Near the top of a mountain in Colorado, just above timberline, is a small chalet. Outside of that Chalet stands a cross and on that cross are the words “Be still, and know that I am God.” I still remember the first time I was there like it was yesterday. It was actually 1971, but the memory is so fresh. I was a camper at Young Life’s Silver Cliff camp coming from Indianapolis, IN. The highest point in Indiana is a little over 600 feet above sea level, and here I was standing a bit over 10,000 feet ASL with the Arkansas river valley on one side and the collegiate peaks on the other. It was spectacular. The Psalms quotation was perfect – such grandeur could not help but remind one of God.
Nature has a way of doing that – even nature in the negative. When I read of the Chinese landslide yesterday I was horrified by the loss of life, but awestruck by the force of nature involved. If such things do not make us mindful of our relative insignificance, and therefore longing for a benevolent God, then there is something very wrong with us. I wonder sometimes if the urban and man-controlled nature of so many of our lives does not contribute to the decline of religiosity in the nation. I know a lot of people that have never allowed themselves to be subjected to nature in such fashion. It is another bubble.
because that which is known about God is evident within them; for God made it evident to them. For since the creation of the world His invisible attributes, His eternal power and divine nature, have been clearly seen, being understood through what has been made, so that they are without excuse.

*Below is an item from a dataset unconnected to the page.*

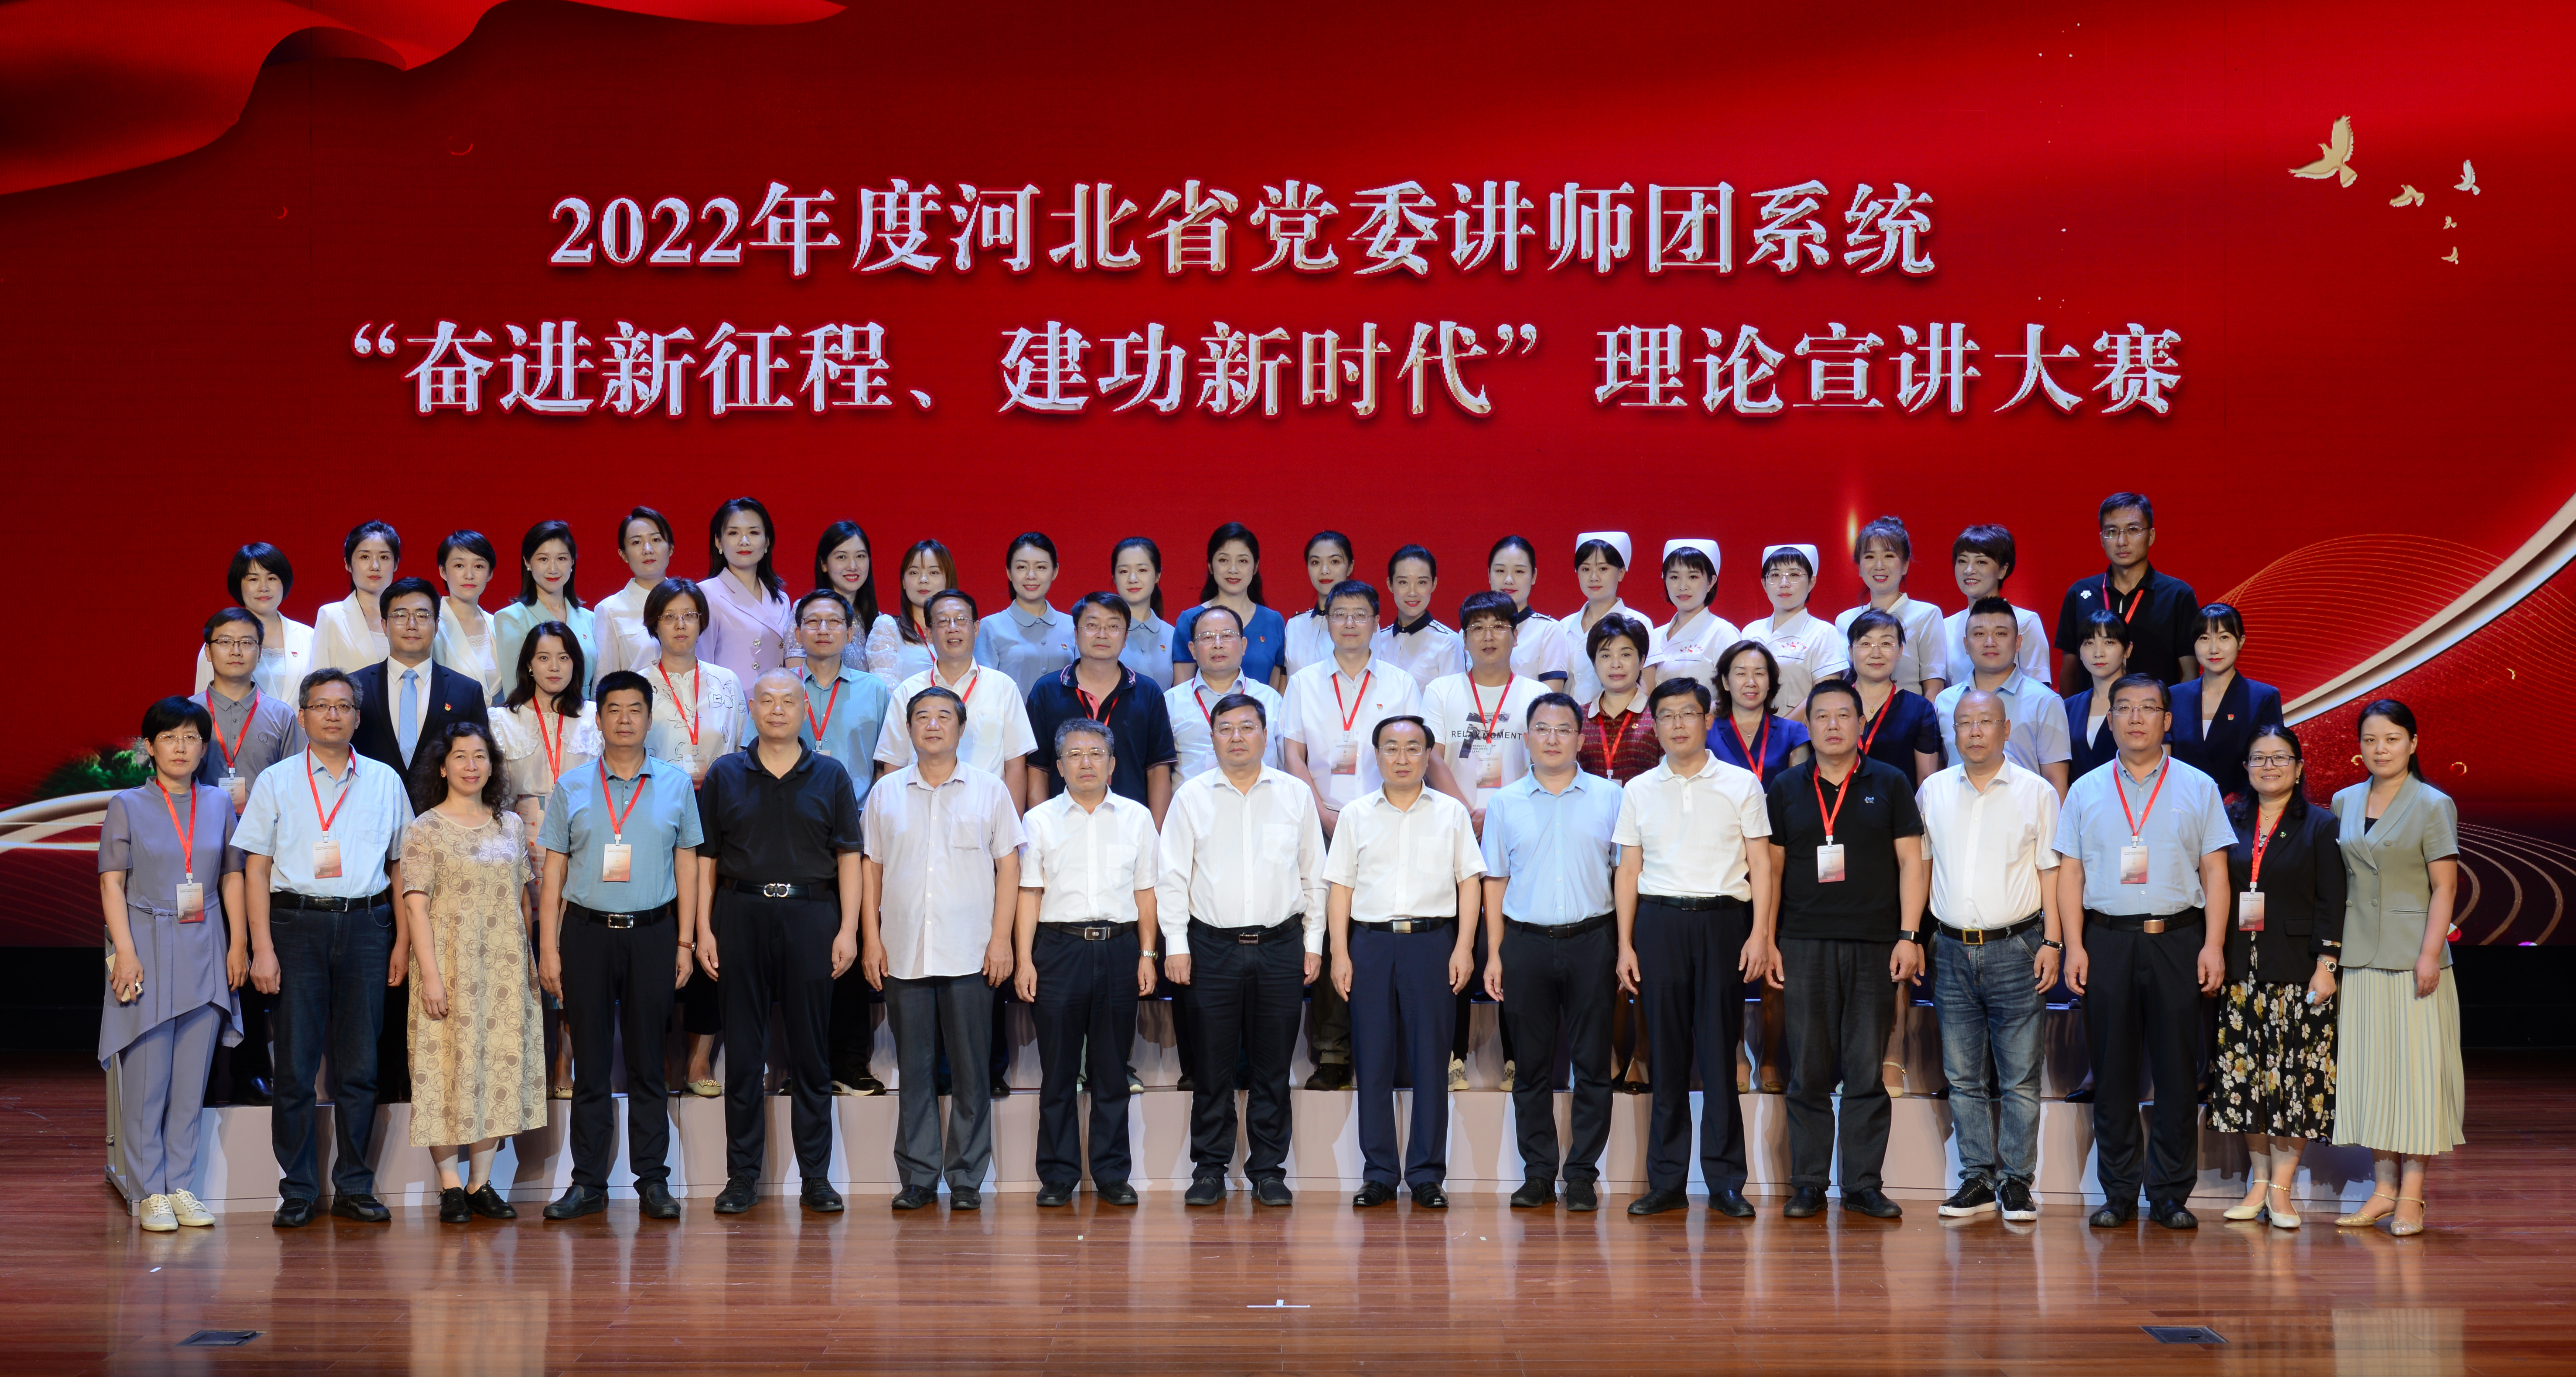 河北省党委讲师团系统理论宣讲大赛决赛在邯郸举行

But so many of us never see what God made, only what man made. And even many of us that see natural wonders do so in such a controlled fashion that it is more like going to the movies than experiencing creation. Maybe that is why there are natural disasters? It is God’s way of forcing us to get out of our unnatural bubble. In Southern California where I now reside I have certainly seen urban dwellers made into campers in the few seconds it takes for an earthquake to do its work.
I hope that when I get to church this morning they pass the plate for the victims of the Chinese landslide. I am certainly praying for them now and hope we will do so when we gather. But to those prayers I add a prayer – a prayer that those that look at the pictures will realize there is more to life than what we make and control, something bigger and more powerful than the human imagination can handle.